I fell for the "any degree is better than no degree meme" and majored in Linguistics because I was very interested in that. After months of applying everywhere, ended up working at a lumberyard as a fork-lift operator, getting teased by yokels for having a "Ling-what degree?!?!" Stuck it out and moved up and up and up and now report directly to the CEO and founder of company 4 yrs later. I think the degree may have been a help later down the line, when I was competing against other people in-house, but not 100% sure.

I've since hired a couple hundred people, mostly younger than me (I'm 27) many of which have humanities degrees.

You only gain value to an employer through experience and job training. Going to school for a STEM or business is job training and you will be valuable at 21/22. Going for humanities may be enlightening/interesting/fun, but you won't have immediate value to an employer. You will likely need to work crap jobs for a while.

What you do in the 3-5 yrs after getting a Humantities degree is what will make or brake you. Find something tolerable with room for advancement and you'll be fine, but don't expect a STEM major lifestyle.

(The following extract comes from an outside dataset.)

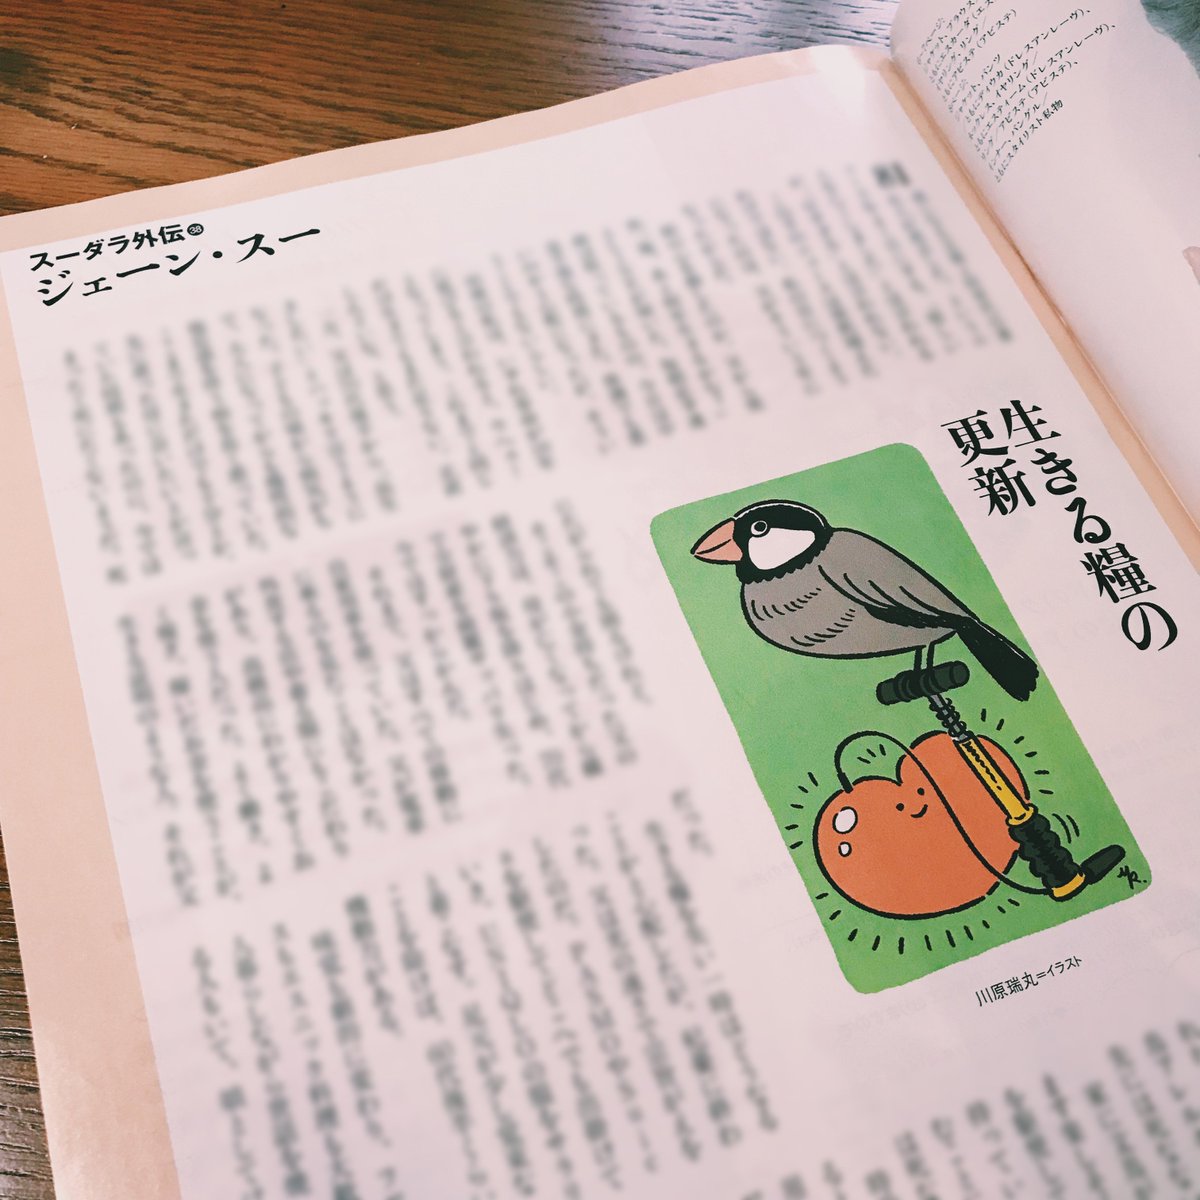 婦人公論のジェーン・スーさん連載では文鳥を描きました。

Graduating is like picking a class in Dark Souls:

STEM = Knight. Your starting gear/degree helps you chew through any early hurdles

Humanities = Assassin. Starting gear/degree won't help much but if you're careful you'll do ok.

Didn't Finish = Deprived.

Trade School = Sorcerer. Iffy starting gear, but late game you're on auto-pilot.

I need a source for that. I highly doupt math majors are working retail.

What about law school lads?

What a pointless analogy.

>Nearly 75 percent of all holders of bachelor’s degrees in STEM disciplines don’t have jobs in STEM occupations, according to a survey that reached 3.5 million homes, said Liana Christin Landivar, a sociologist with the Census Bureau. The bureau’s American Community Survey is the largest household survey in the nation.

washingtonpost.com/local/education/most-with-college-stem-degrees-go-to-other-fields-of-work/2014/07/10/9aede466-084d-11e4-bbf1-cc51275e7f8f_story.html

I'm not interested in empty headed SJW's

I am certain it is far worse for humanities majors.

>Bachelors
Kek, there is your issue. You need a graduate degree to get a science job.

Law school is different because you are going to a specific school to learn a specific trade.